Google Maps provides 7-year time trip down memory lane

This illustration provided by Google highlights a new Google Maps Street View snapshots feature, which allow users to see what specific neighborhoods and landmarks looked like at different periods during the past seven years that Google Inc. has been dispatching camera-toting cars to take pictures for its maps. This image shows what the Howard Theater in Washington looked like in July 2009, left, and after renovation in May 2012, right. (AP Photo/Google)
This illustration provided by Google highlights a new Google Maps Street View snapshots feature, which allow users to see what specific neighborhoods and landmarks looked like at different periods during the past seven years that Google Inc. has been dispatching camera-toting cars to take pictures for its maps. This image shows what the Howard Theater in Washington looked like in July 2009, left, and after renovation in May 2012, right. (AP Photo/Google)

MOUNTAIN VIEW, Calif. - Trips down memory lane are now available on Google’s digital maps.

The new twist on time travel debuted last week as part of the “Street View” feature in Google Maps, a navigational tool that attracts more than 1 billion visitors each month.

Street View snapshots will include an option to see what neighborhoods and landmarks looked like at different periods over the past seven years, as Google Inc. has been dispatching camera-toting cars to take street-level pictures for its maps.

Google intends to keep adding pictures to the digital time capsules as its phototaking cars cruise the same streets gathering updates.

“As time goes by, many of these images are going to become vintage,” predicted Vinay Shet, a Google product manager who oversaw the company’s glimpse into the past. “We want our maps to be comprehensive as we build a digital mirror of the world.”

Like everything else on Google Maps, the time-tripping option is free. Google makes money off its maps from advertising, so the Mountain View, Calif., company is constantly coming up with new attractions to keep people coming back.

Even though the photos date back to only 2007, some of them illustrate dramatic changes. Some photos show how neighborhoods in cities such as Tohoku, Japan, looked before and after a magnitude-9.0 earthquake struck in March 2011. Others show the gradual recovery of New Orleans neighborhoods in the years after the devastation of Hurricane Katrina. Scrolling over to Washington, D.C., will provide a look at the restoration of the historic Howard Theatre in the nation’s capital.

In New York, the Street View map presents a string of photos illustrating the changing skyline as the Freedom Tower at the World Trade Center site was built. Even looking at the evolution of Times Square during the past seven years can evoke nostalgic feelings while gazing at a giant billboard advertising a flip-style cellphone in 2007.

The visual retrospectives aren’t available throughout Google Maps, although Shet says there should be at least one look back in time for just about every neighborhood that can be viewed through the Street View format.

Google’s new feature is displaying more photos of major city centers over time than suburban streets because the company’s camera-bearing cars return to densely populated areas more frequently.

Adding the photos from the past roughly will double the total imagery in Street View once the rollout is completed.
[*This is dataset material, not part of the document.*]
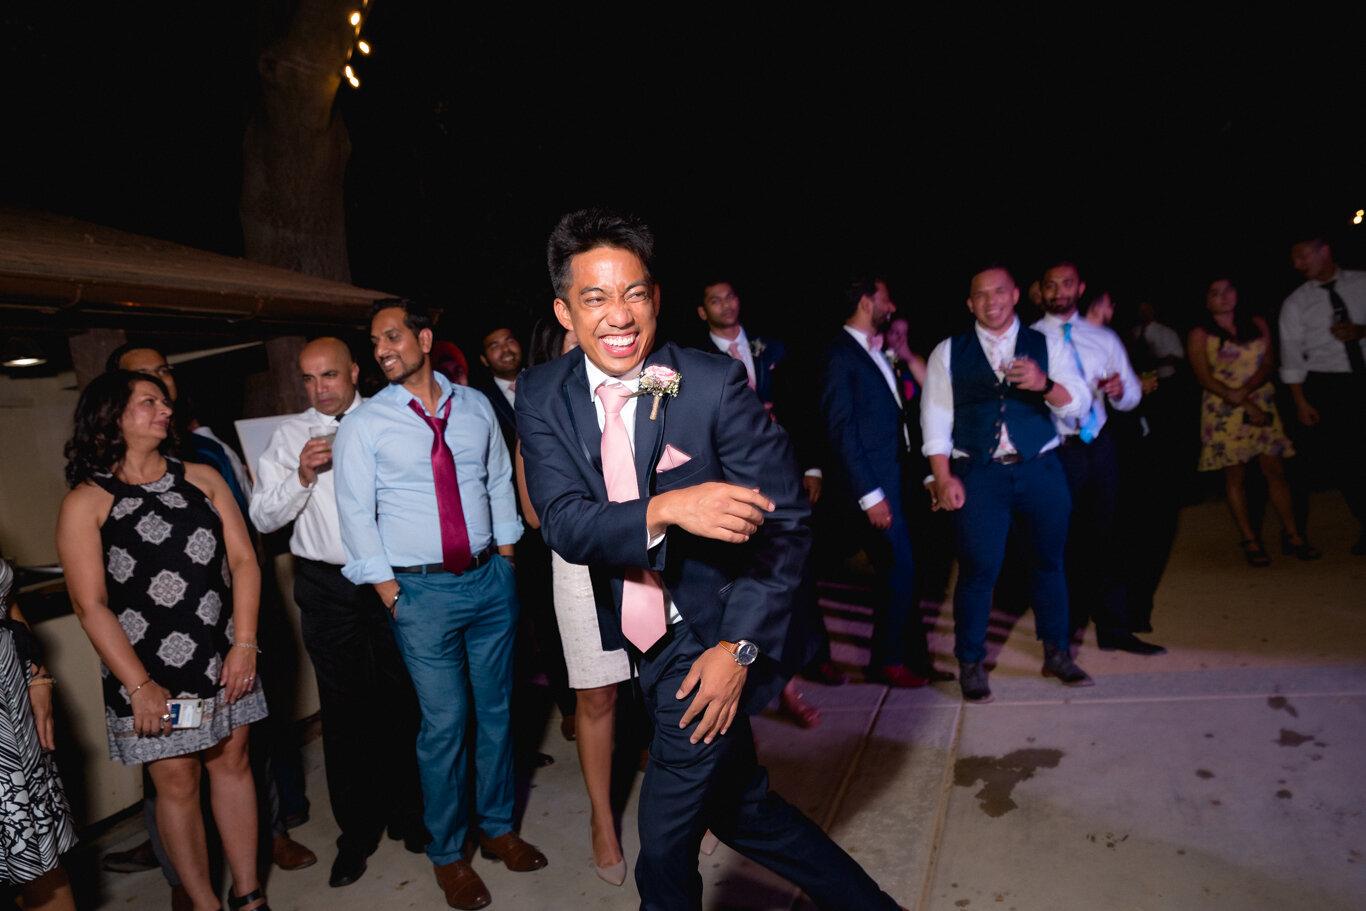 2019.08.24_Emily-Ashir-Wedding-at-the-Maples-6518.jpg

Google declined to say how many pictures are already in Street View, which spans 55 countries. The lookback feature will be available in all but three of those countries: Germany and Switzerland, where government regulations restrict Google’s use of the past images, and South Africa, where technical problems have slowed the feature’s rollout.

When a retrospective is available in Street View, a small clock appears in the left corner of the current picture of a location. Clicking on the clock produces a visual portal into different time periods.

The trips can be emotional. For instance, Street View’s scenes often include people who happened to be in the frame when Google’s cars took the picture. Over time, some of these people will die, and Google expects those pictures will have special meaning for survivors and other descendants.

Some Street View pictures posted through the years also have upset people who were captured in activities or visiting places that they wanted to keep private.

Google now blurs the images of people who contact the company asking to be shielded from Street View. Masking will be available on the older photos, too, Shet said, even if it’s just because a person didn’t like the way he or she looked a few years ago.